REFERRING TO FIG. 8 Shows the leather pieces 26 with the abrasive or chosen elements 28 held in place by the press studs 27 mounted on the retaining wires ready for work.
REFERRING TO FIG. 9 Shows an off the shelf sanding belt 31 fitted to the device. Slits 32 are cut at six equidistant intervals around the belt and approximately 1 5mm in from the upper and lower edge and then fitted over the retaining wires.
REFERRING TO FIG. 10 Shows the lower circular metal plate 2 being identical to the upper circular metal plate I with alternative shaped retaining wires 33 (one of the six). The retaining wire 33 is in its open position 34 to receive the abrasive tube 24 and the hooked end of the retaining wire 35 to engage the retaining wire end 36 and secure the abrasive tube in place after loading.
REFERRING TO FIG. 11 Shows a sheet of abrasive folded at its centre and with punched holes 40 adjacent to the edges of the sheet. The retaining wires 6 are then passed through these holes to load the sheets into the tool.
Finally, it is to be understood that the inventive concept in any of its aspects can be incorporated in many different constructions so that the generality of the preceding description is not to be superseded by the particularity of the attached drawings. Various alterations, modifications and/or additions may be incorporated into the various constructions and arrangements of parts without departing from the spirit or ambit of the invention.

Claims

1. A flail sanding tool suitable for use with a driver, the tool assembly being suitable for work operations such as grinding, polishing, sanding, finishing and the like,

the flail sanding tool providing a central shaft positioning a disk at each end and a drive spindle at one end, and the flail sanding tool providing a plurality of vertical tendons at the perimeter of the disks to capture and present abrasive/polishing elements to a work piece,

such vertical tendons being permanently attached to the disk at one end but releasable from the disk at the other end for the purpose of loading and unloading the abrasive/polishing elements,

such tendons having a shape to provide an outward bias so as to assure a positive location in the disk at the releasable end.

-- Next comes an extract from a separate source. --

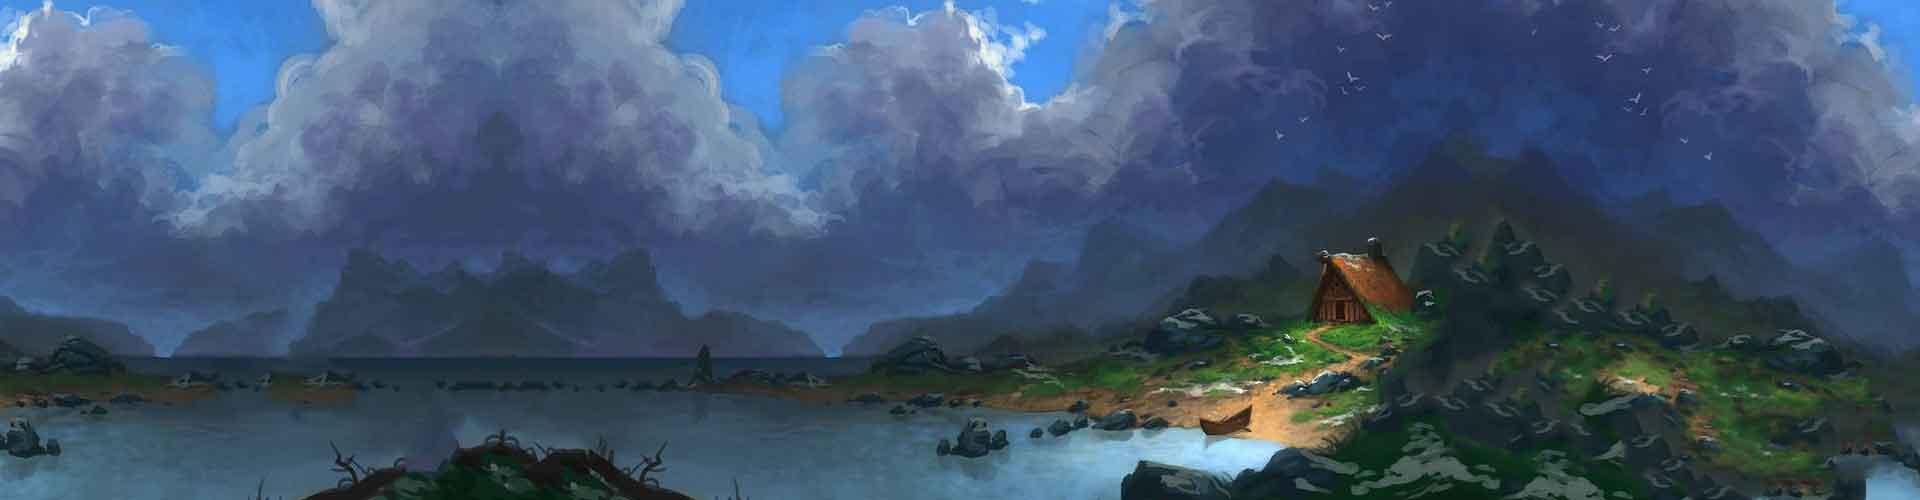 Digital painting 06
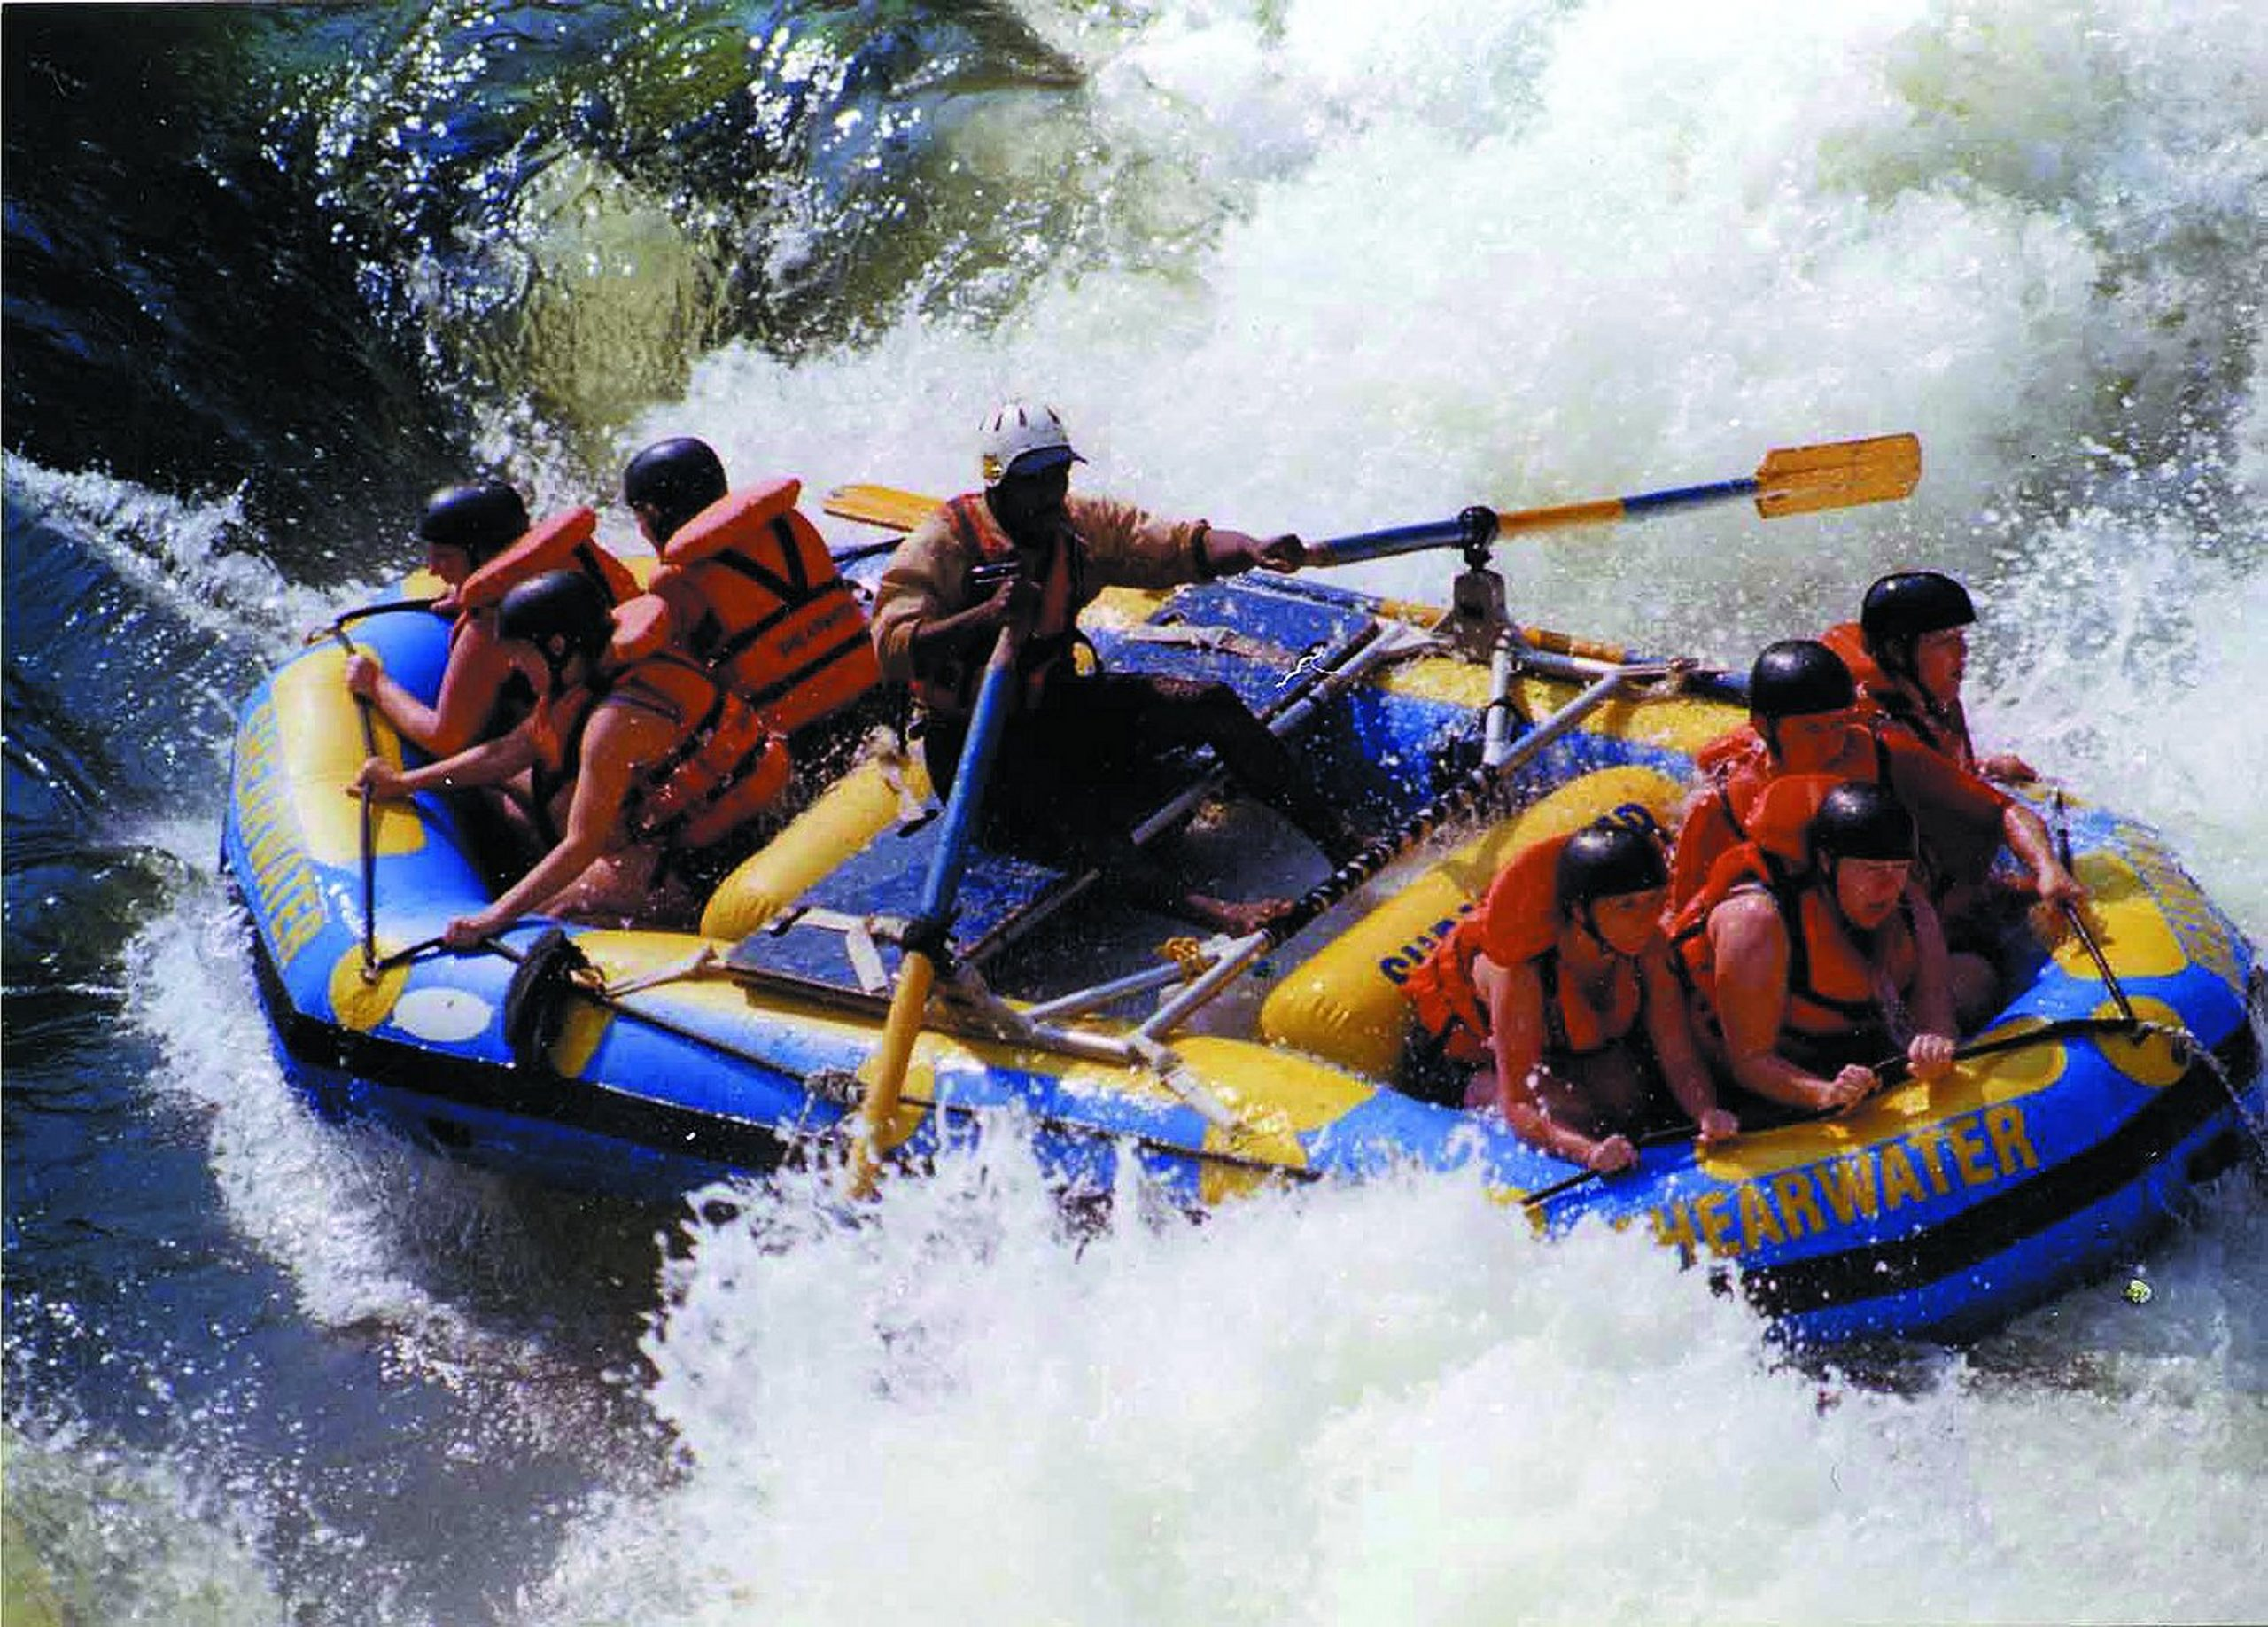 rafting in Victoria Falls

2. A flail sanding tool according to claim 1 wherein the flail sanding tool is suitable for use with a driver which includes a drilling machine including a motor, a drive spindle, and a drill chuck; the drive drum being operatively connectable to the drill chuck by the provided drive spindle.

3. A flail sanding tool according to claim 1 where the abrasive/polishing elements may be tubular sleeves.

4. A flail sanding tool according to claim 1 where the abrasive/polishing elements may be sheet materials.